Sudanese civilians (including rural communities): could receive increased international humanitarian assistance reaching tens of millions (nearly 34 million people in need), expanding relief and reducing immediate suffering.
Targeted communities (Fur, Zaghawa, Masalit and other victims): U.S. recognition of genocide strengthens diplomatic leverage to press for accountability and protective measures on their behalf.
U.S. government and regional partners: affirming a U.S. moral and strategic interest enables increased diplomatic engagement aimed at restoring civilian-led governance and improving regional stability.
U.S. taxpayers and the federal budget: stronger U.S. involvement to help end the war could raise diplomatic, military, or financial costs borne by taxpayers.
U.S. relations with external actors and regional stability: formal findings of genocide could complicate ties with countries accused of supporting conflict parties, risking diplomatic friction or retaliation.
Refugee-hosting countries and immigrant communities: highlighting massive displacement (14+ million) could increase refugee flows and place greater resettlement and service demands on neighboring countries and host communities.
Based on analysis of 1 section of legislative text.

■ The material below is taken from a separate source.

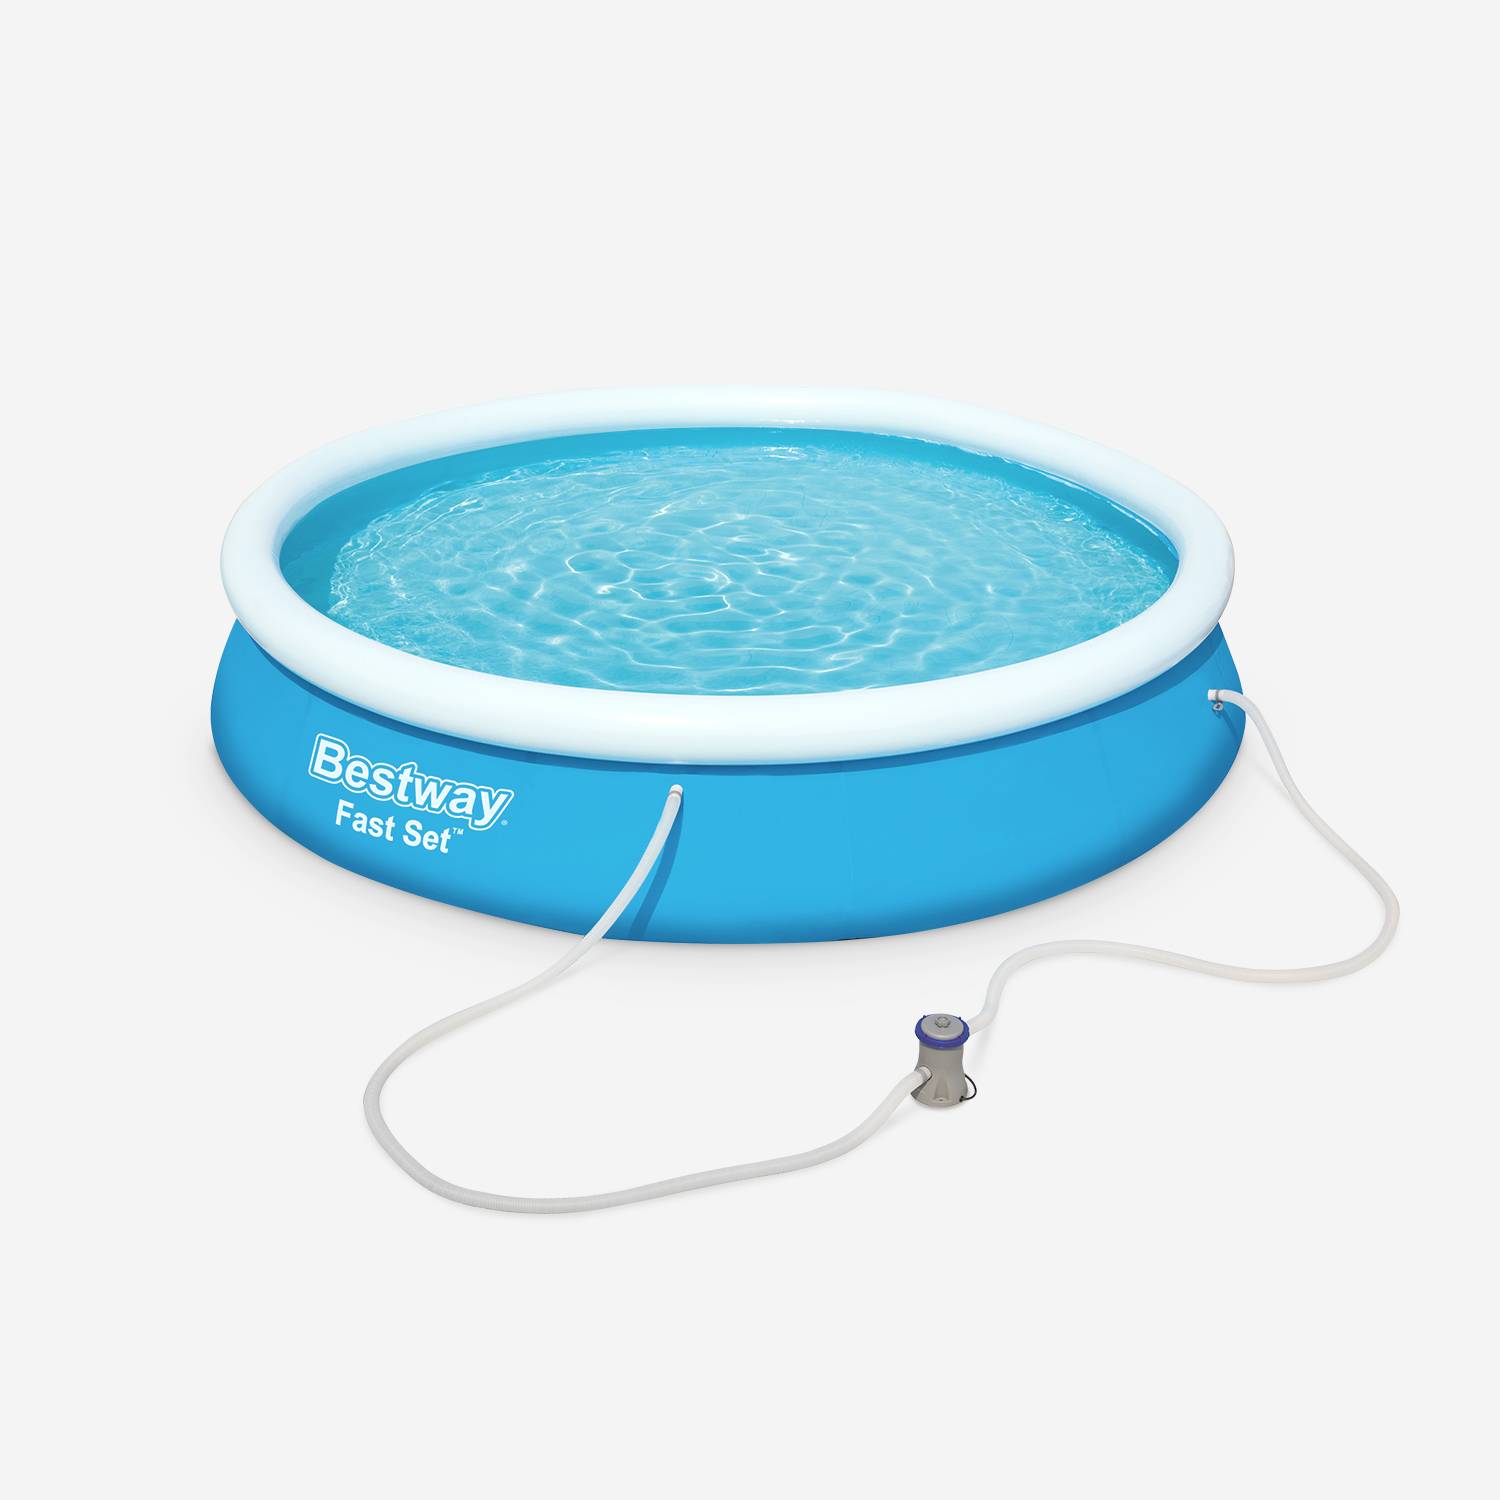 BESTWAY piscina gonfiabile autoportante blu - Jade ⌀ 360 x 76 cm - piscina fuori terra rotonda autoportante con filtro a cartuccia  + 1 cartuccia inclusa,sweeek,Photo2

Records findings that the Sudan civil war has caused mass death, displacement, atrocities, and that U.S. and U.N. bodies have identified war crimes, crimes against humanity, and genocide; declares U.S. interest in ending the war and restoring civilian rule.
Makes formal findings about the Sudan civil war that began April 15, 2023, documenting reported casualties (over 400,000 deaths) and mass displacement (more than 14,000,000 forced from their homes), and cataloging atrocities including rape, torture, arbitrary detention, and forced starvation. It notes U.S. State Department determinations (war crimes, crimes against humanity, and a later finding of genocide by the Rapid Support Forces and allied militias) and a February 2026 U.N. fact‑finding report identifying genocidal acts against non‑Arab communities in Darfur. Characterizes the situation as the world’s largest humanitarian crisis (nearly 34 million in need), warns that the conflict threatens Sudanese sovereignty and regional stability, condemns external support to the warring parties, recognizes the role of Sudanese civil society and Emergency Response Rooms, and states a U.S. moral and strategic interest in ending the war and restoring civilian‑led governance. The measure is declaratory—it records findings and positions rather than creating new programs or funding.